IMG_20181004_085959238.jpg
Here’s a cropped pic of my stepson’s Grenache at Dark Horse in Talmage. Many of the clusters are the size of small cantelopes. Compare this to some of my clone 943 Pinot that are about tennis ball sized. The pounds per vine is way too vague. I don’t mind the pounds per foot of cordon, but canopy size and fruit-to-leaf ratio is another thing I use.

You might enjoy reading “Terroir and Other Myths of Winegrowing” by Mark A. Matthews. About a third of the book is dedicated to the “myth” of the importance of yield, the genealogies behind the common beliefs about different yield metrics people focus on, etc. My take away was that yield (any way you measure it) is pretty unimportant until you have too much fruit on the vine that it stalls ripening–this will vary greatly from variety to variety and site to site.

Mark Matthews was my faculty adviser in graduate school as it happens.

There is currently a very interesting multi-year study going on at the Oakville station on the source-sink relationship.
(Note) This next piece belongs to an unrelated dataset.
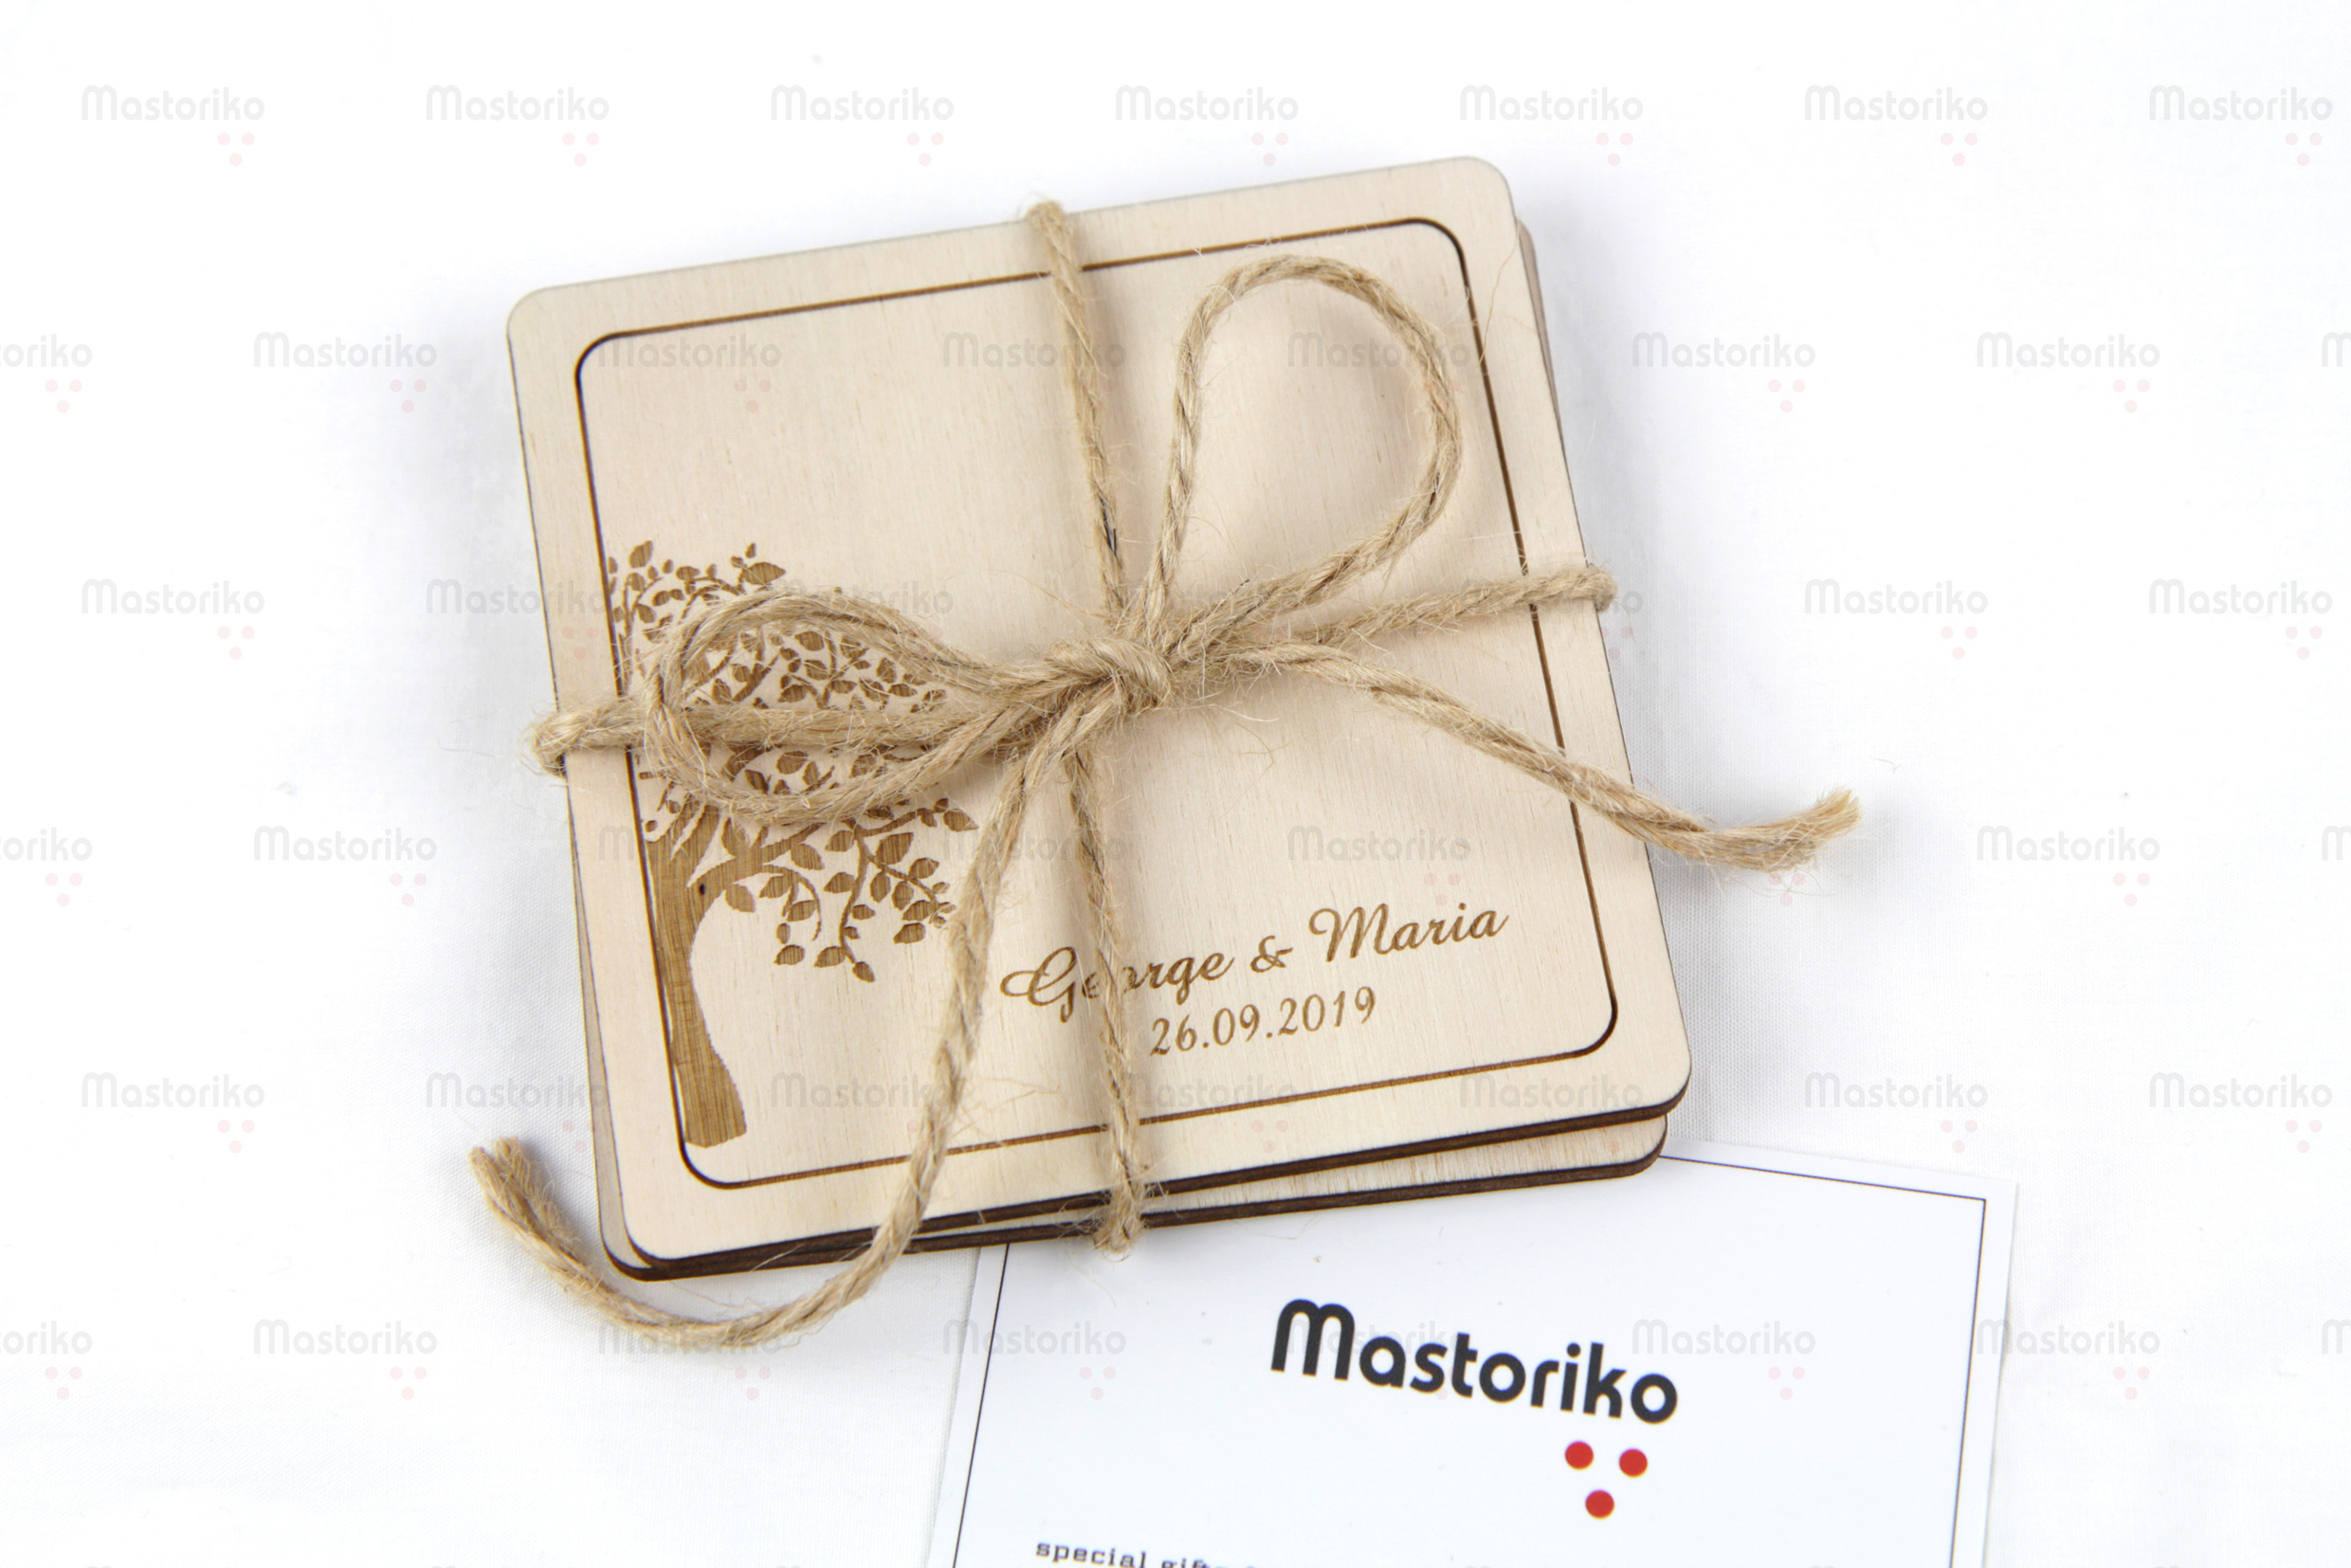 Τετράγωνα σουβέρ για γάμο - Δέντρο ευτυχίας 9.5cm - Δώρα για γάμο - Μπομπονιέρα γάμου - Κύπρος - Μαστορικό - S.M. Mastoriko

I think a fair summary of what it has shown so far is that yield within the range they can actually produce there is irrelevant. They can start to affect ripening dynamics only when they remove about 2/3 of the leaves on the plant.

I believe that pounds of fruit per foot of trellis works really well, within each varietal. Because no matter your vine density, one thing holds true… on each vine the spurs are 3-4 inches apart. So whether in a row you have 3 foot vines or 6 foot vines, your pounds per vine may be 2x as high in the 6 foot spacing than the 3 foot spacing, but per foot of trellis, the same.

The only thing I can say with certainty to me is “tons per acre” is a useless measurement.